++++ Given data

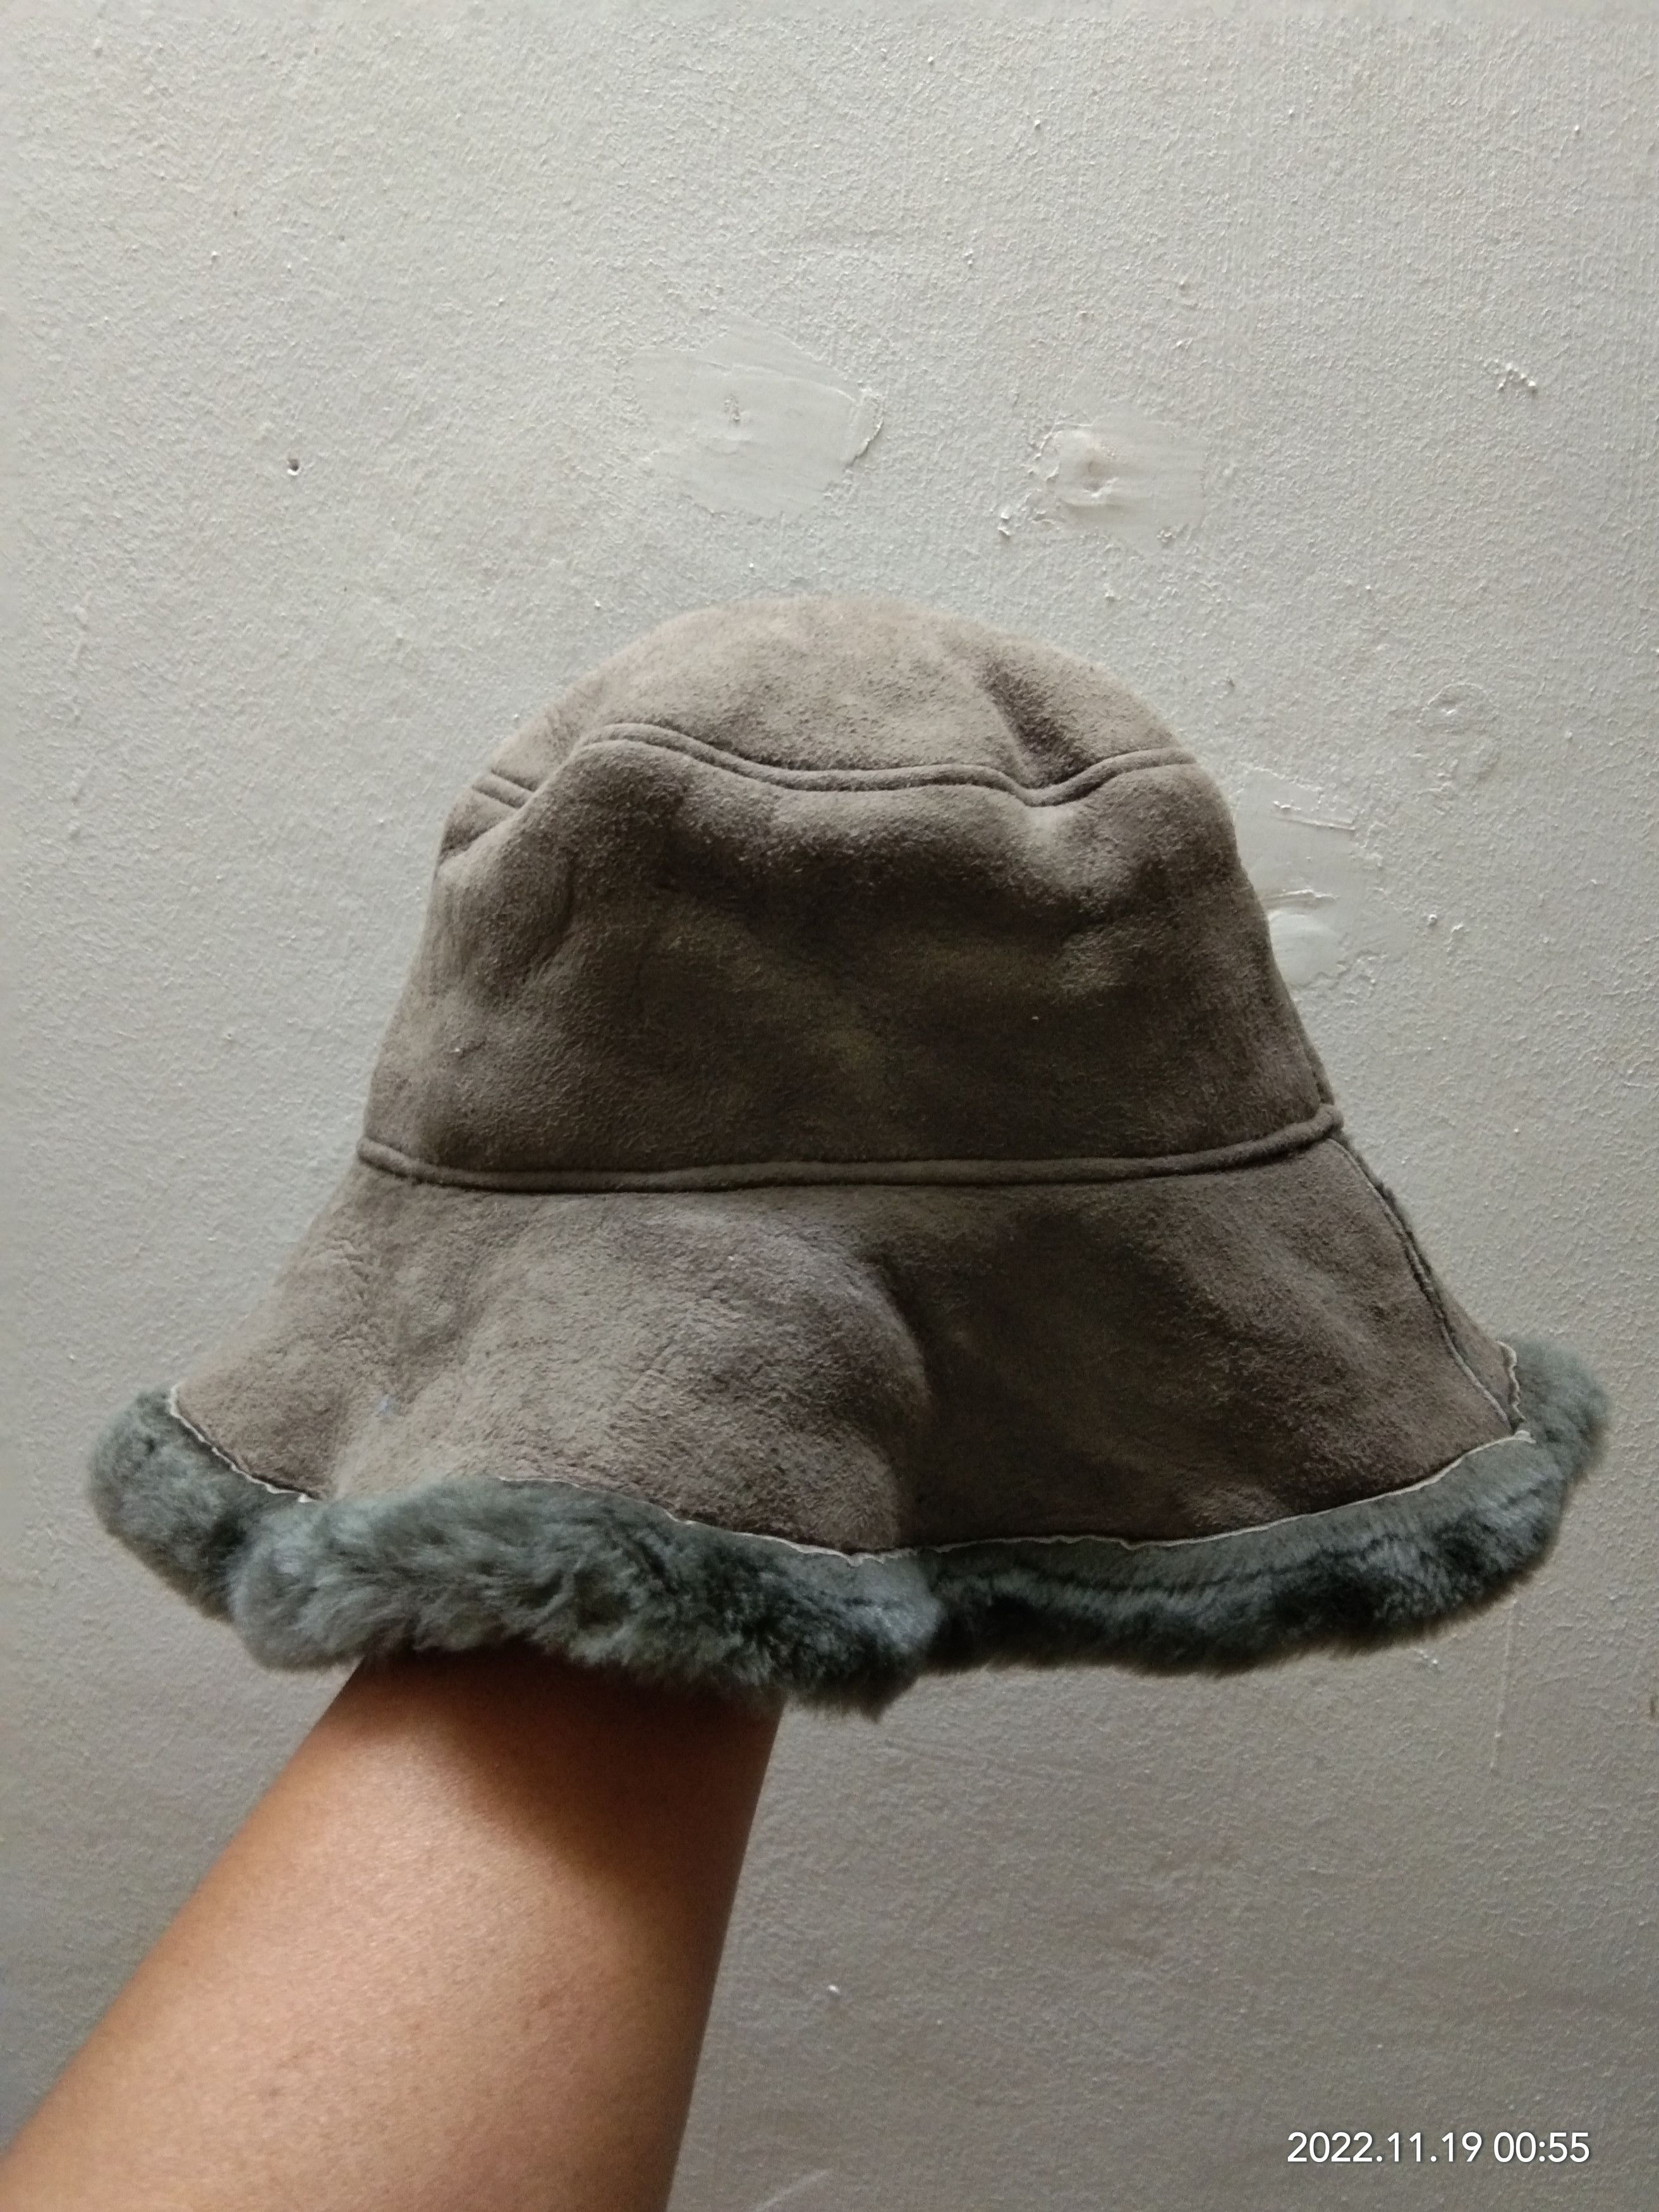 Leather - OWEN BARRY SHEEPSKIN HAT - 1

++++++++
++++ Given data

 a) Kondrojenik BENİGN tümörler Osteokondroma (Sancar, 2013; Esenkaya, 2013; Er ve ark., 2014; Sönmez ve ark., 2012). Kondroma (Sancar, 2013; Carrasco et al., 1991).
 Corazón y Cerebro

++++++++
++++ Given data

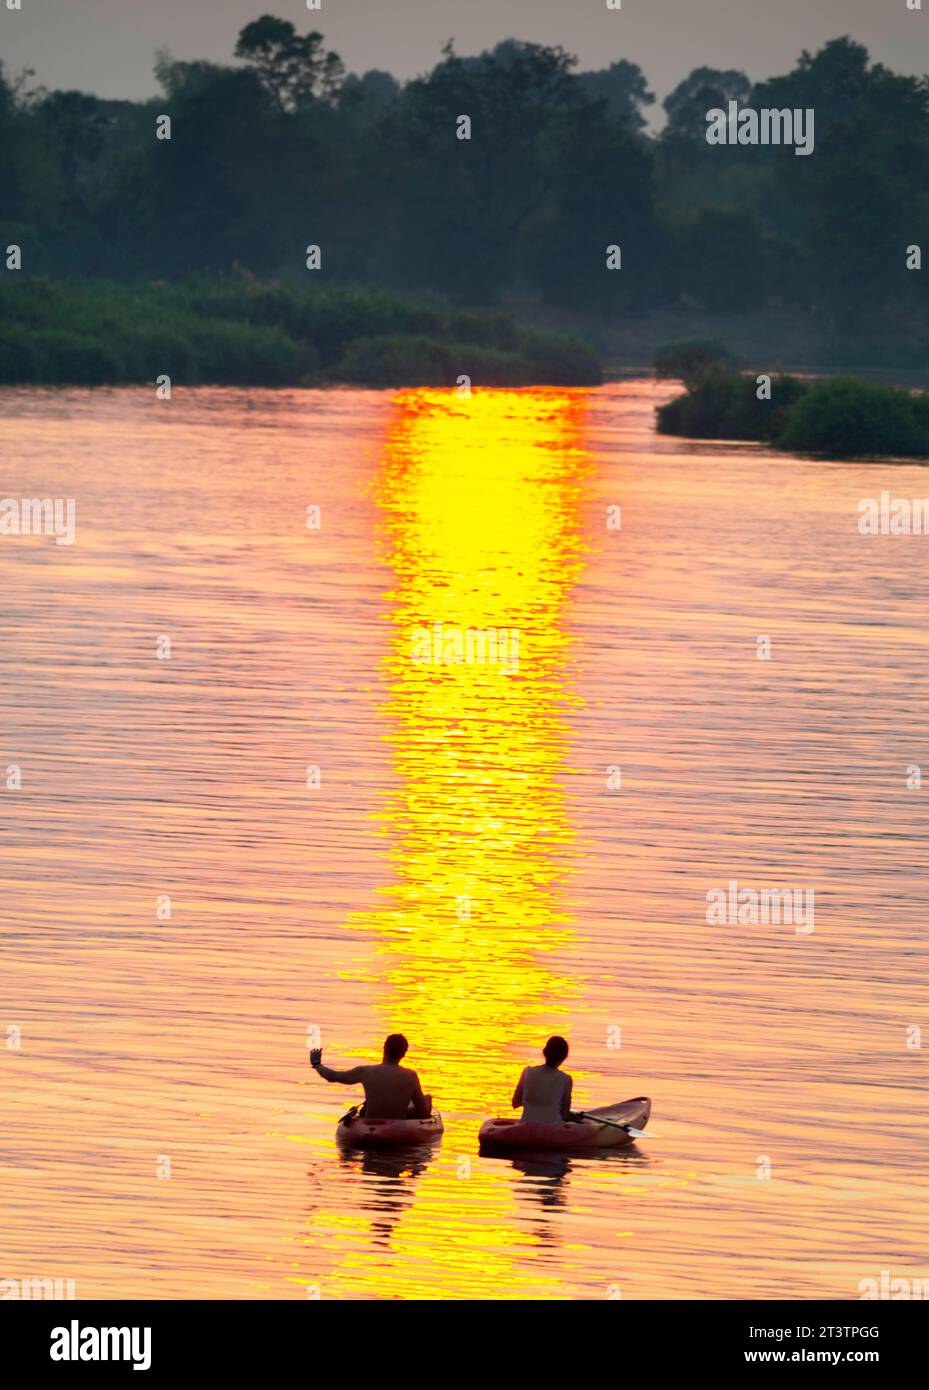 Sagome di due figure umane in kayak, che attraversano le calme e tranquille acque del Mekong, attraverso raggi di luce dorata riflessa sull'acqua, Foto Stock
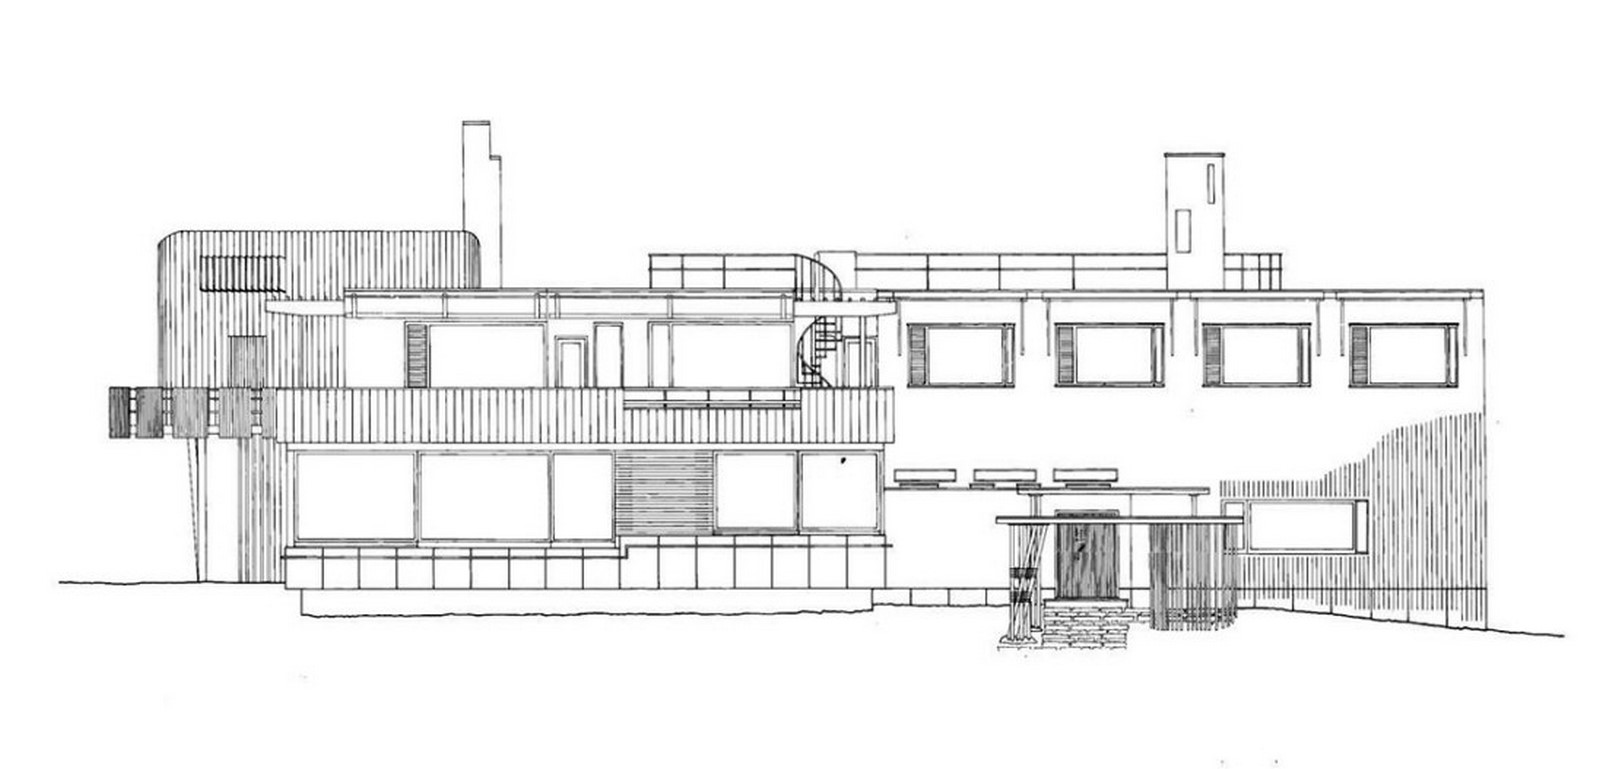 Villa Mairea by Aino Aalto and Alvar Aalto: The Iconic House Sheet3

++++++++

> [What you need to do]: Looking at the data above, write out exactly the lines that start at the one containing "a) Kondrojenik BENİGN" and end at the one containing "Corazón y Cerebro"; include both and nothing beyond.

> [Result of this exercise]:
 a) Kondrojenik BENİGN tümörler Osteokondroma (Sancar, 2013; Esenkaya, 2013; Er ve ark., 2014; Sönmez ve ark., 2012). Kondroma (Sancar, 2013; Carrasco et al., 1991).
 Corazón y Cerebro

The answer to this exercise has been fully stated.